Anyway, if you have a headache and you need to lie down, then do! And if you don’t feel like working online one day, the world won’t fall in on its center. IM is supposed to be free and flexible, remember? You can get up at 3:30 am and work on it, or you can skip it for a day. You can take it with you to the beach or you can leave it at home. Just as long as you keep going you are generally fine.
Anna´s last blog post..Internet Marketers – Who SAYS its time for Bed?
October 4th, 2008 at 7:23 am
Joe – I liked what you said about shooting for 4 posts a week. An starting to take weekends off too! I don’t think I’m ready to take that much time off just yet…I need to gain a little momentum first. And don’t worry about Anna – I always got some mayo for you!
Annie – You’re probably right! Growth stages of a newbie! And I suppose you’re right about there being other productive things to do to! I can’t be so wrapped up in making a blog post that I don’t do the OTHER things I need to do (like finish Holly’s book!!!)
Anna – Sometimes a walk with your spouse is just what’s needed! I love going for walks with my wife when I can. And I think my obsession with posting every day came from the fact that this is the only thing I am doing so far in the IM world and a part of me was afraid that if I didn’t do it EVERY DAY that I’d stop. I don’t see that happening. I have a different kind of motivation than I’ve had in the past. Besides that, I’ve found some really good friends to help keep me motivated!

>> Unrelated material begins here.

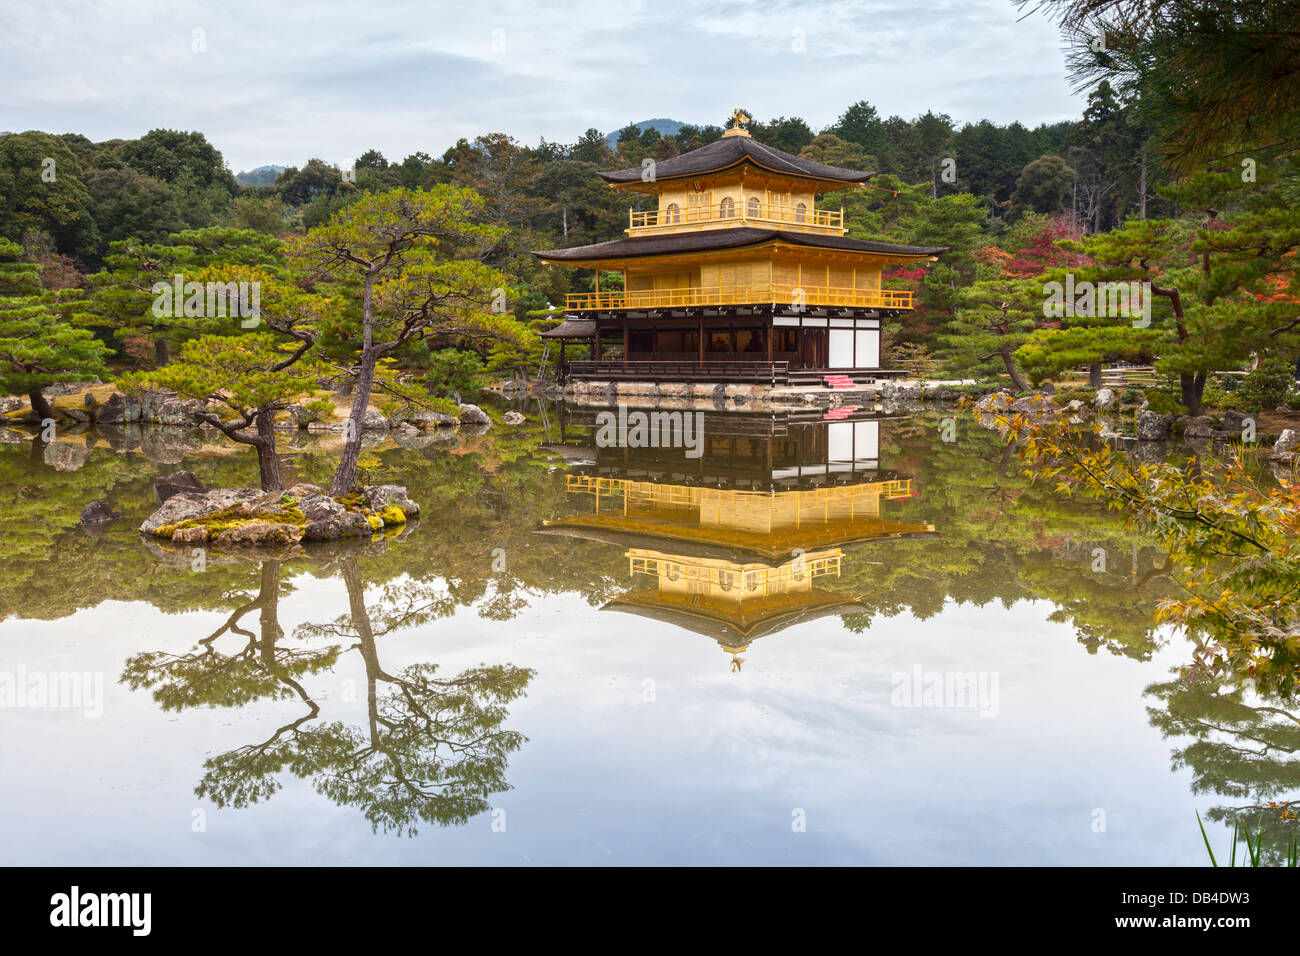 The Golden Pavilion of the temple of Kinkaku-ji or Rokuon-ji in Kyoto, seen in autumn. This Zen Buddhist temple is one of... Stock Photo

I didn’t post last night either. I got home and sat down to do it and my wife snagged me and said “I need help painting” and so I was helping her paint for a while. But you know what…”IM is supposed to be free and flexible” I’m not on a deadline with this…not yet anyway. I haven’t set my goals yet and so I just need to take it all in stride and prepare to meet my goals when I write them down!